**The problem**
The whole listing, please: repeat it exactly, with the pictures left out.

**Provided data**
————
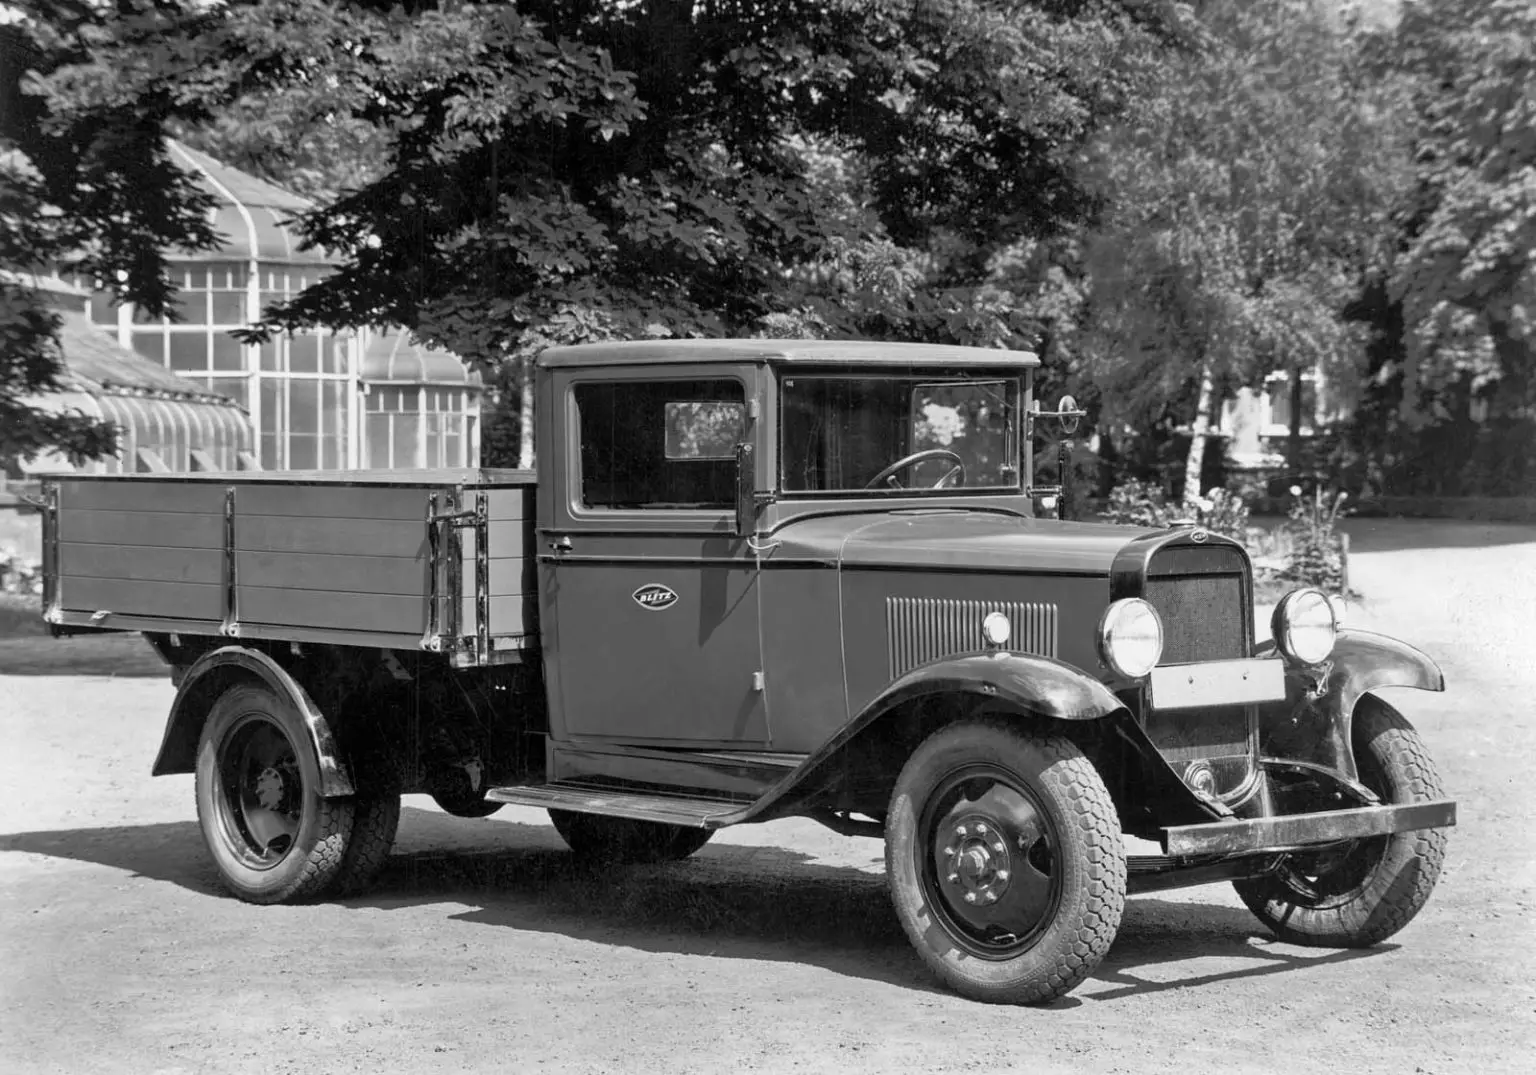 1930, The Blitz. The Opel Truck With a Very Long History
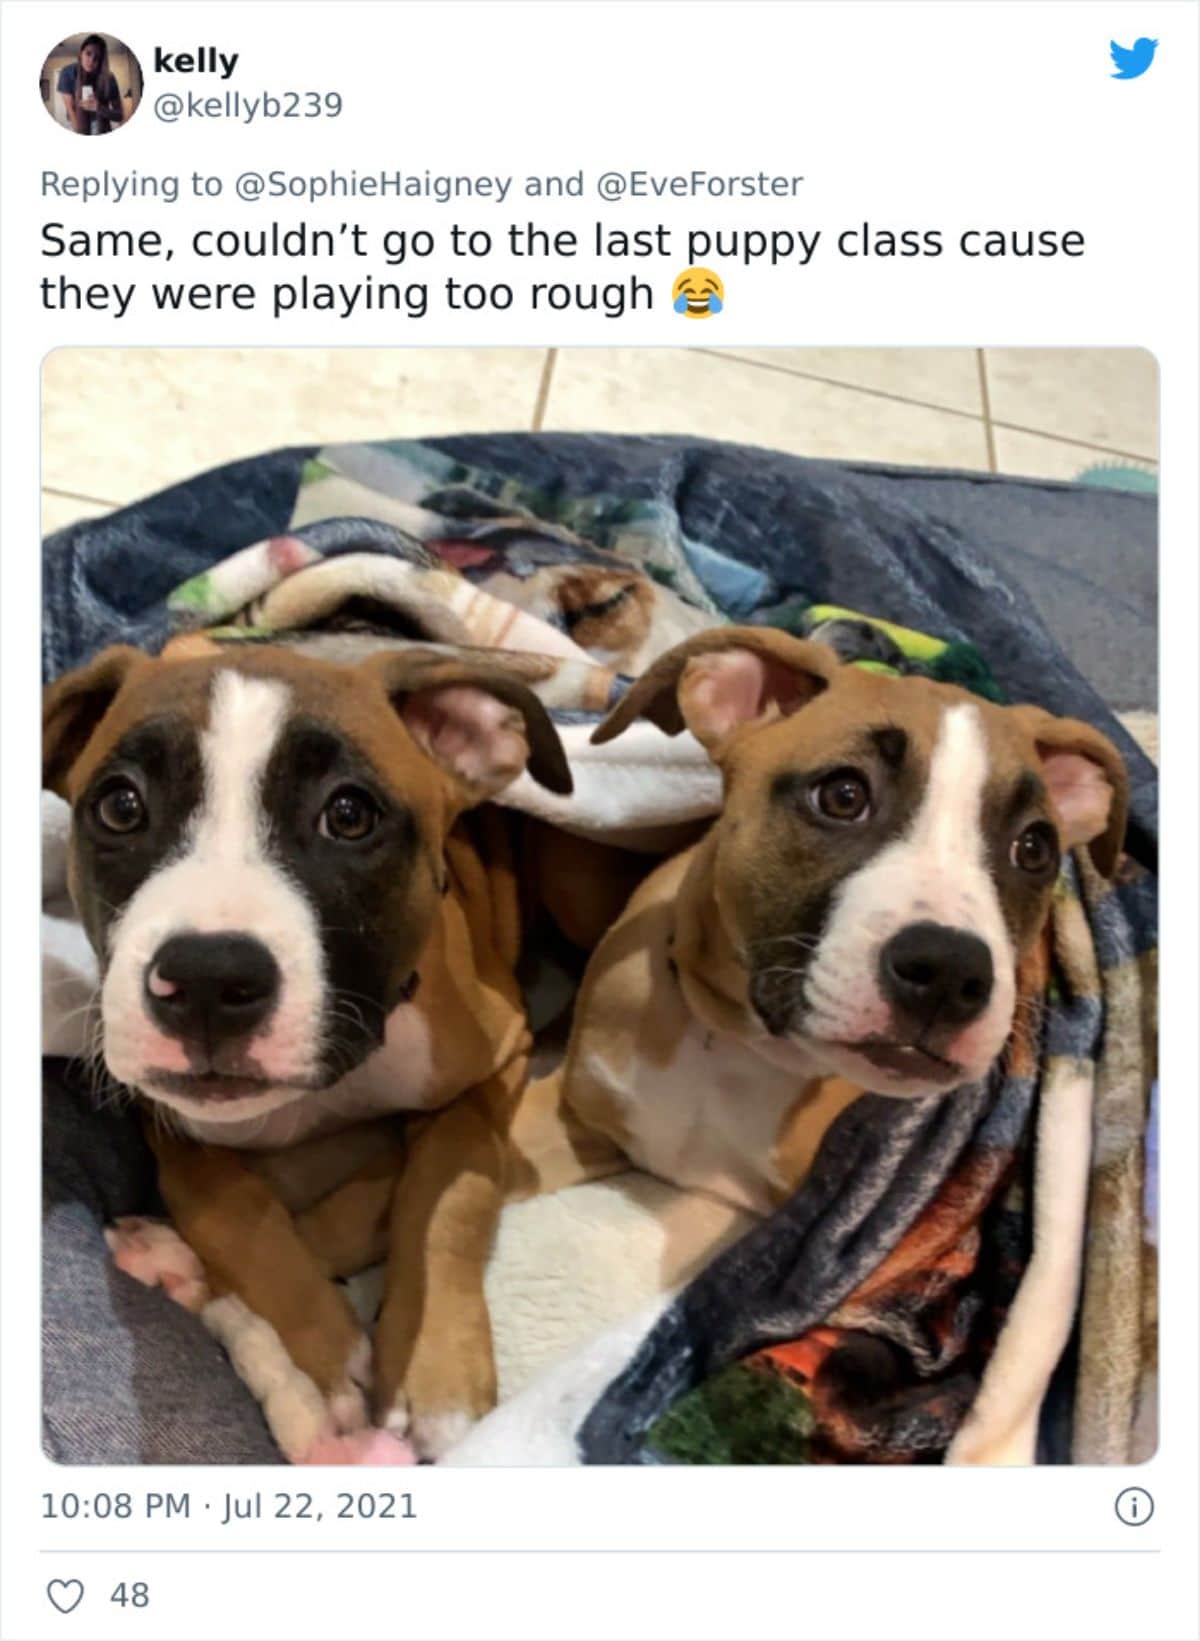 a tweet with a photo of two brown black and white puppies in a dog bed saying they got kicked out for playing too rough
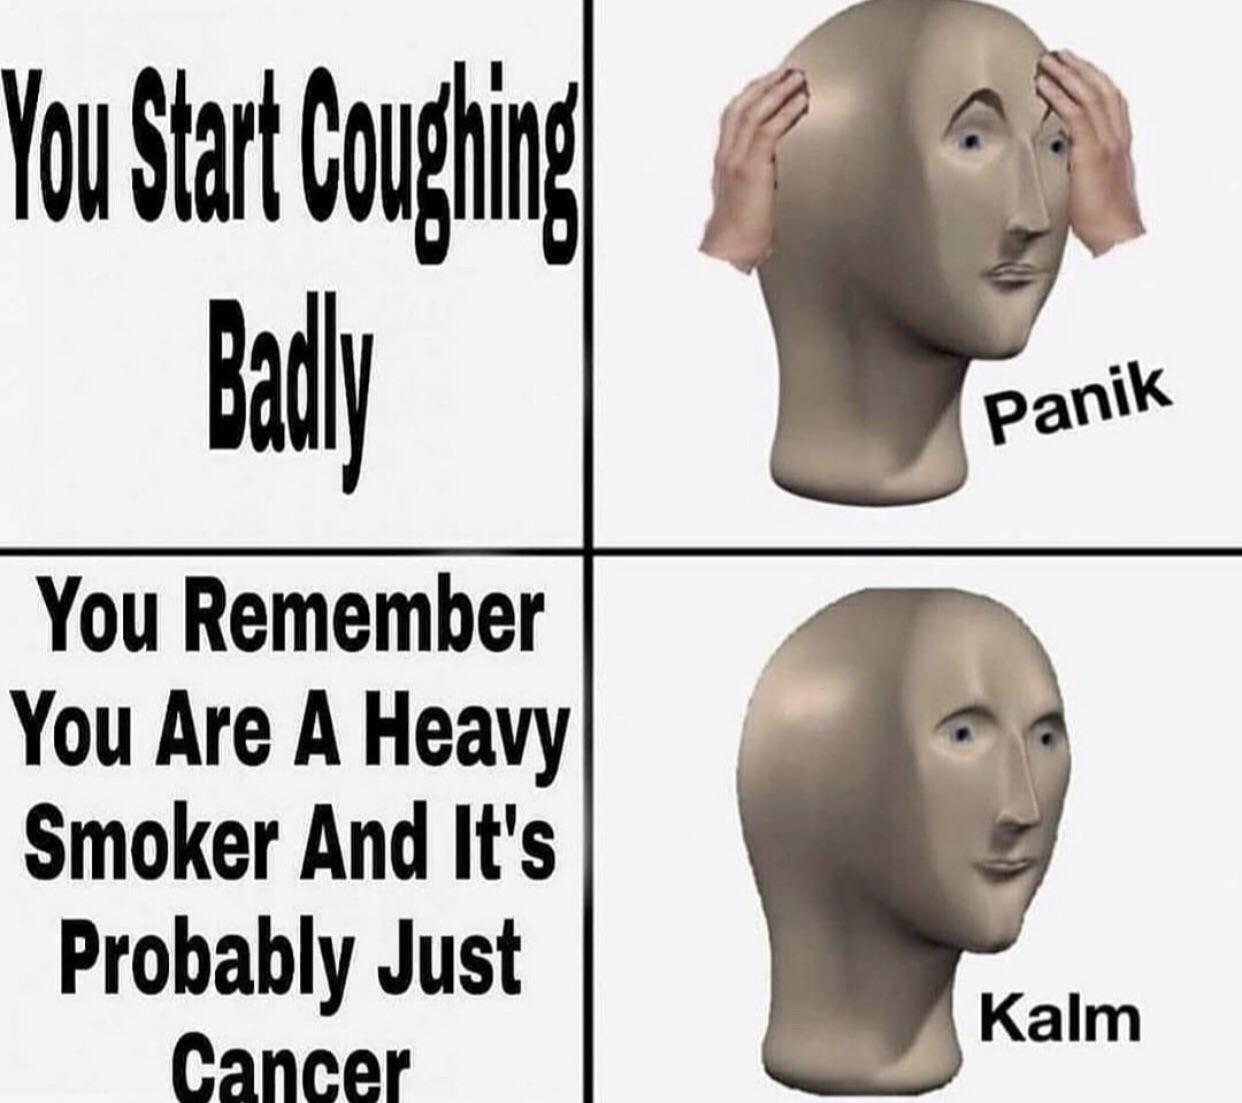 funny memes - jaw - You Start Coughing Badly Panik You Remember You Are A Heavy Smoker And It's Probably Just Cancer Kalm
————
**Solution to this problem**
 1930, The Blitz. The Opel Truck With a Very Long History
 a tweet with a photo of two brown black and white puppies in a dog bed saying they got kicked out for playing too rough
 funny memes - jaw - You Start Coughing Badly Panik You Remember You Are A Heavy Smoker And It's Probably Just Cancer Kalm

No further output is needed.